What this basically means is that a vanilla set up, 3 16K columns all across, forces out on average 38.3K shield in the form of at least 4.7 cards. This number is known as a b.a.s.s. number, the average amount a deck can force out at maximum. Now here's the important stuffs.

This principle is extremely vital to beatdown decks, as it is literally how they work. Because we know that, on average, a player will generate about 15K shield within 3 cards over the course of a match, a vanilla set up will constantly minus them through the end game by about 23.3K shielding and 1.7 cards. Of course though, if you can force out even more than this, then you are generating auxiliary advantage, and creating +s in the process. For example, let's think of 13K attackers. When paired up with the right boosters, the 20K or 21K columns they can create become invaluable to you. Upon further inspection, assuming you have a vanilla set up but one of your Rear-Guard columns hits for 21K, you note that at 0 triggers, the amount forced out is 40K shield in the form of 5 cards and adds on. Once again with the math, using a 13K attacker for a 21K column has a b.a.s.s. value of about 43.3 shield in the form of about 5.6 cards. This means that using a 13K attacker will force out 5K shield more than normal, and generate about a +.9 each turn from forcing out cards. That's right, Palamedes generates almost +1 each turn just from having a decent attacking force.
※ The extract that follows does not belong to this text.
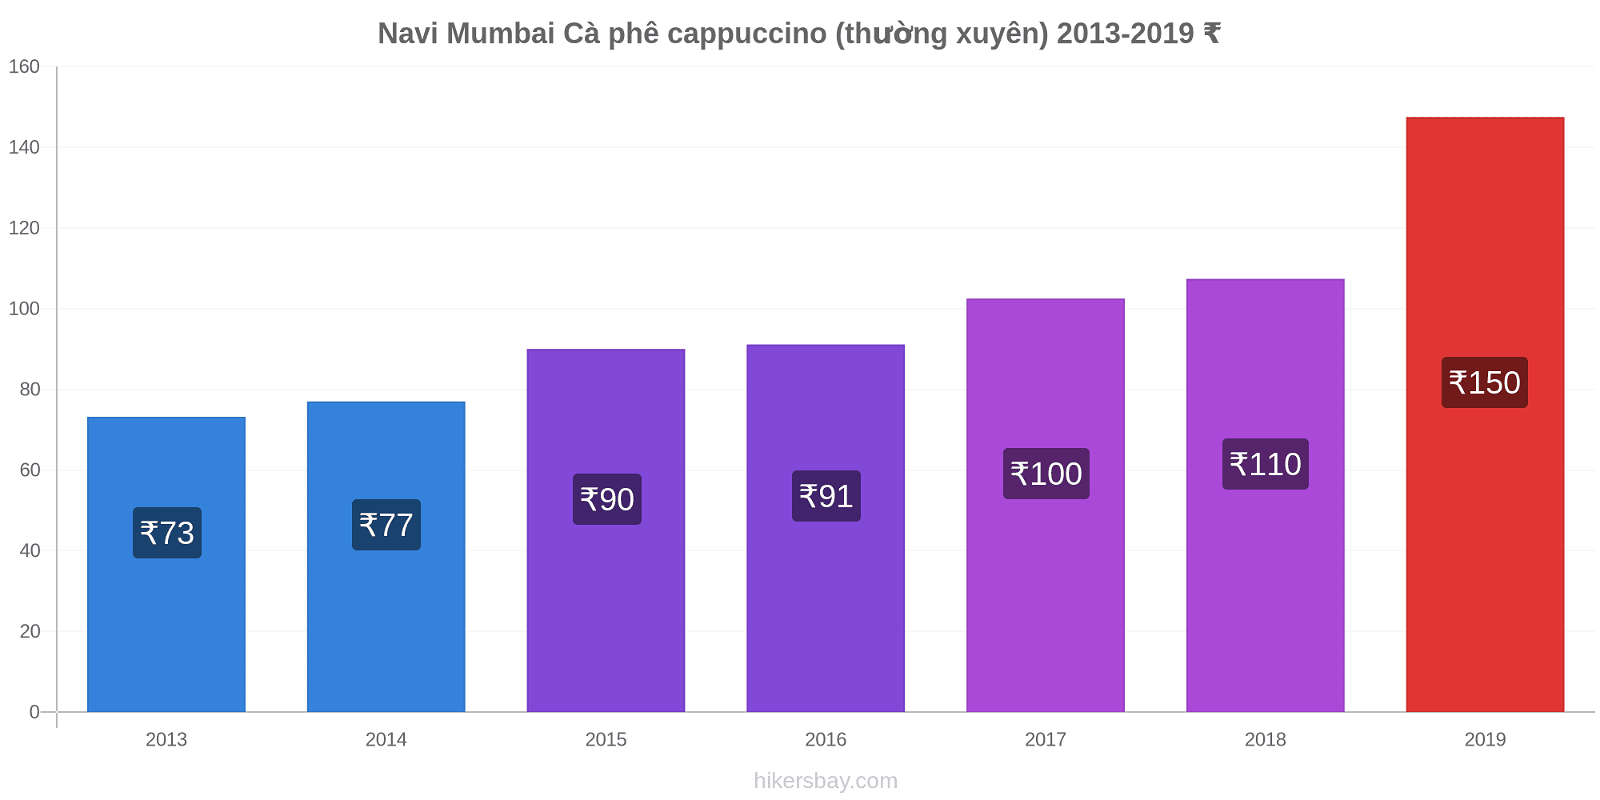 Navi Mumbai thay đổi giá Cà phê cappuccino (thường xuyên) hikersbay.com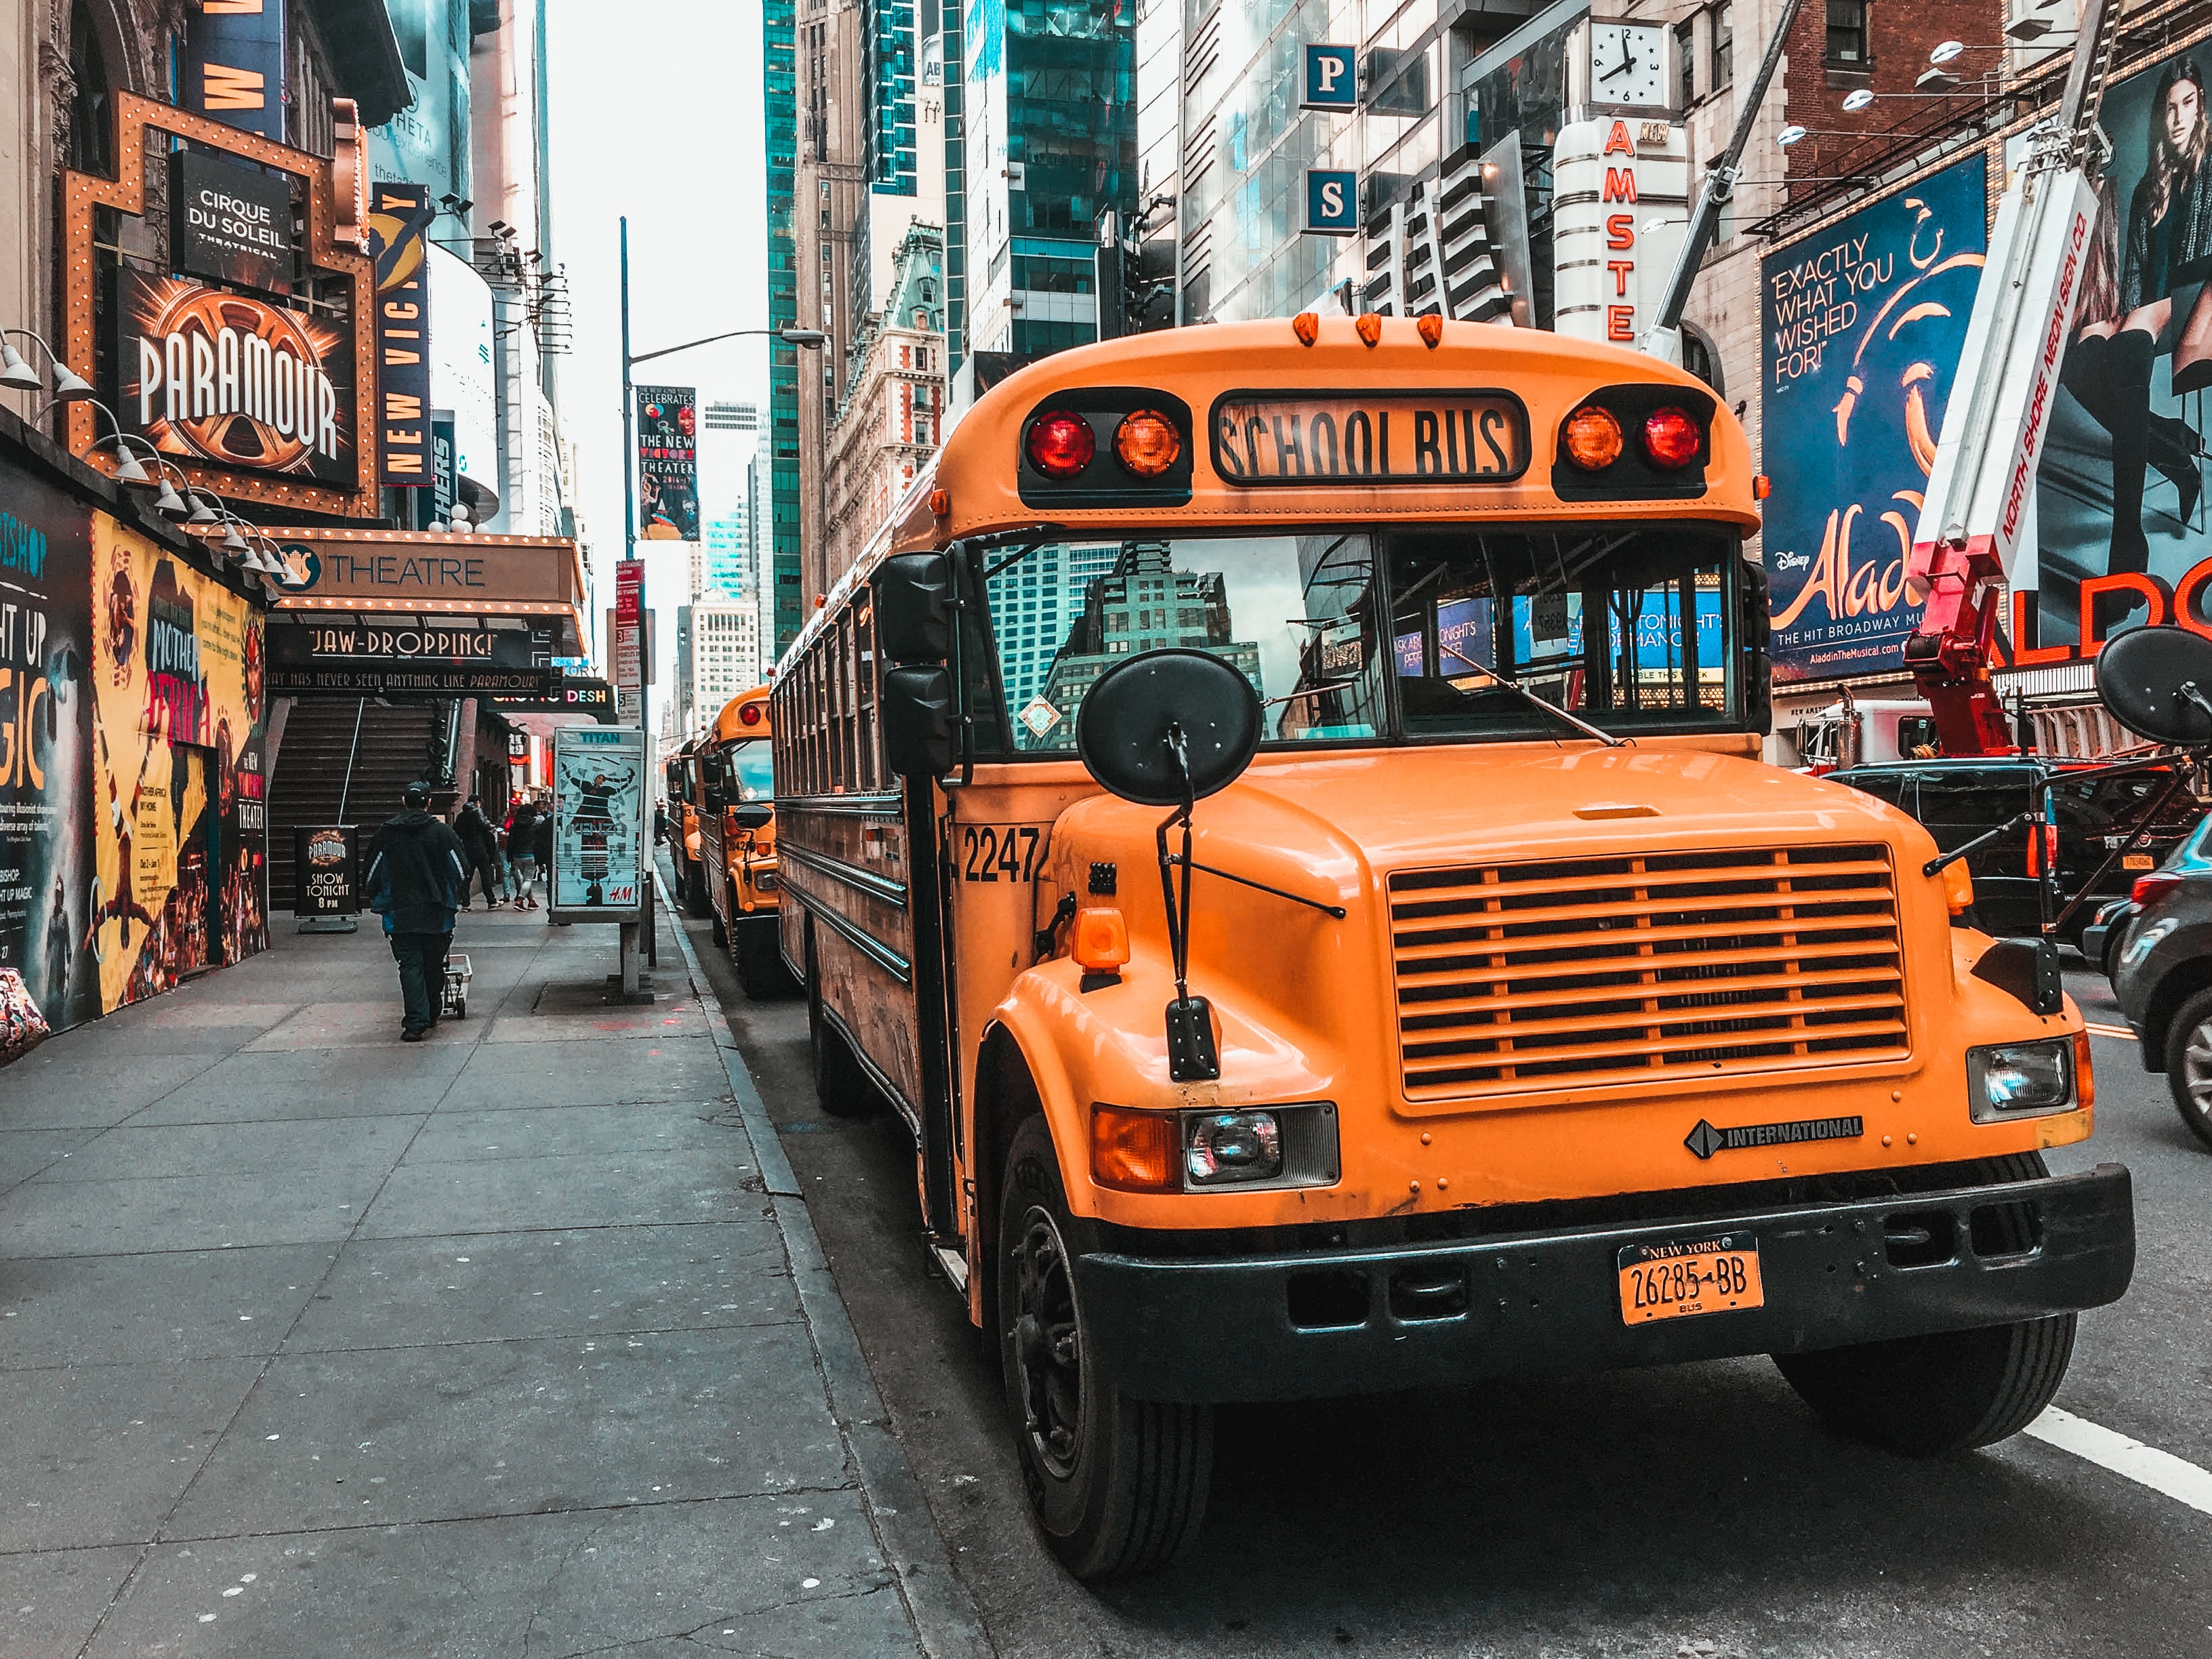 New York City schoolbus

This article is more for me, but it will be a great way to evaluate how powerful a unit's combo is. By finding the b.a.s.s. values of units like Dudley Emperor, Asura Kaiser, and the Break Rides, I can put a tangible and hopefully accurate number on exactly how powerful they are, along with giving a far greater understanding of what units are powerful and how powerful they are.

For future reference, Vanilla b.a.s.s. values are 1875/49K shield, and 228/49 cards. To gauge the value of an attack pattern or a certain power boost, you must first find the b.a.s.s. value of said attack pattern and subtract the vanilla b.a.s.s. values from it. If the shielding or amount of cards is positive, that is the card advantage you gained from the attack pattern. If the shielding or card advantage is negative, then the attack pattern has been a net loss for you.